This article provides an insight into a more useful conversation, with an understanding of both the warning and the promising versions. AI tools are already part of how CSO staff works. The question is no longer whether to use them, but how to use them without losing the critical judgement that makes that work meaningful.
The tool you're already using — and may not fully understand
Think about the last time you looked something up. Depending on which browser or search engine you used, the first thing you saw may not have been a list of links but a paragraph, formatted like an answer, generated by an AI model. You may have read it and moved on, considering your search solved. Most people do.
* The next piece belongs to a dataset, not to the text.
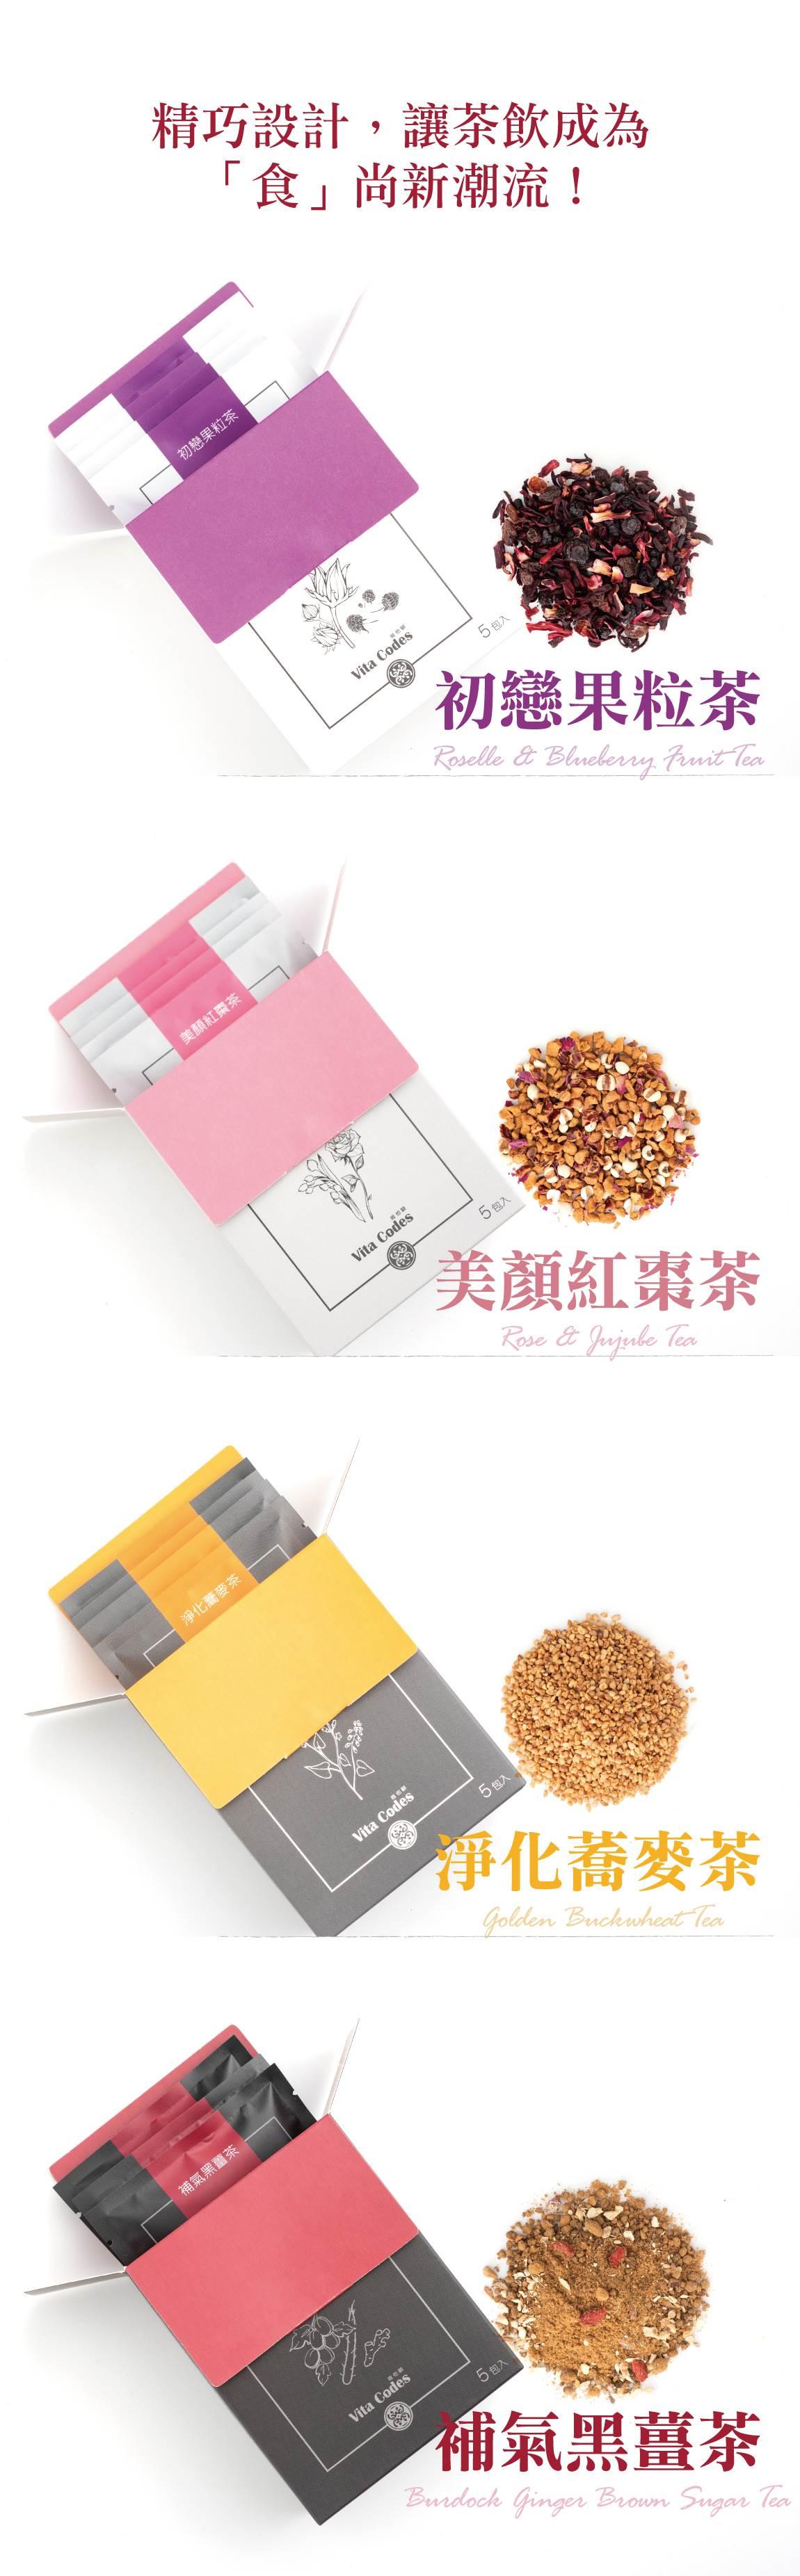 VitaCodes美顏茶-產品介紹10-美顏茶設計款-食尚新潮流

This is one of the ways AI has quietly become an information source, not just a productivity tool. Search engines like Google, Bing, and others now display AI-generated responses before any human-curated result. The paragraph looks authoritative, and the answers don’t always include a byline, a date, or a list of sources you can check.
Similarly, using an AI model for preliminary research when working on a new topic might be more deliberate but carries similar risks. This is becoming increasingly common because it is quick and efficient. For years, people consulted Wikipedia and other similar sources in the same way, not as a definitive source, but as a first orientation when approaching something unfamiliar. However, there is a fundamental difference: Wikipedia shows you its sources and when a fact or content is controversial or contested, disclaimer is shown so you can know where the doubts or discrepancies lie. A chatbot gives you a confident narrative with no equivalent transparency.
In an even more casual and carefree situation, users ask an AI model a specific question to resolve a quick doubt. For example, What does this acronym stand for?, When was this regulation passed? or Who leads this organization? These are the kinds of questions people used to answer with a fast search or a look at a reliable reference site.Now they ask AI chatbots, and AI chatbots answer fluently, confidently... and sometimes incorrectly.
None of these uses are inherently wrong. The problem is using AI as an information source without understanding what kind of source it actually is.
How these tools actually work — and why that matters
Large language models (the technology behind ChatGPT, Claude, Gemini and similar tools) do not understand the world nor the information they use and handle. They learn statistical patterns from enormous quantities of text: which words tend to appear together, which phrases follow which other phrases. The model does not grasp the meaning of what it produces. It generates text that resembles what is typically said about a given topic.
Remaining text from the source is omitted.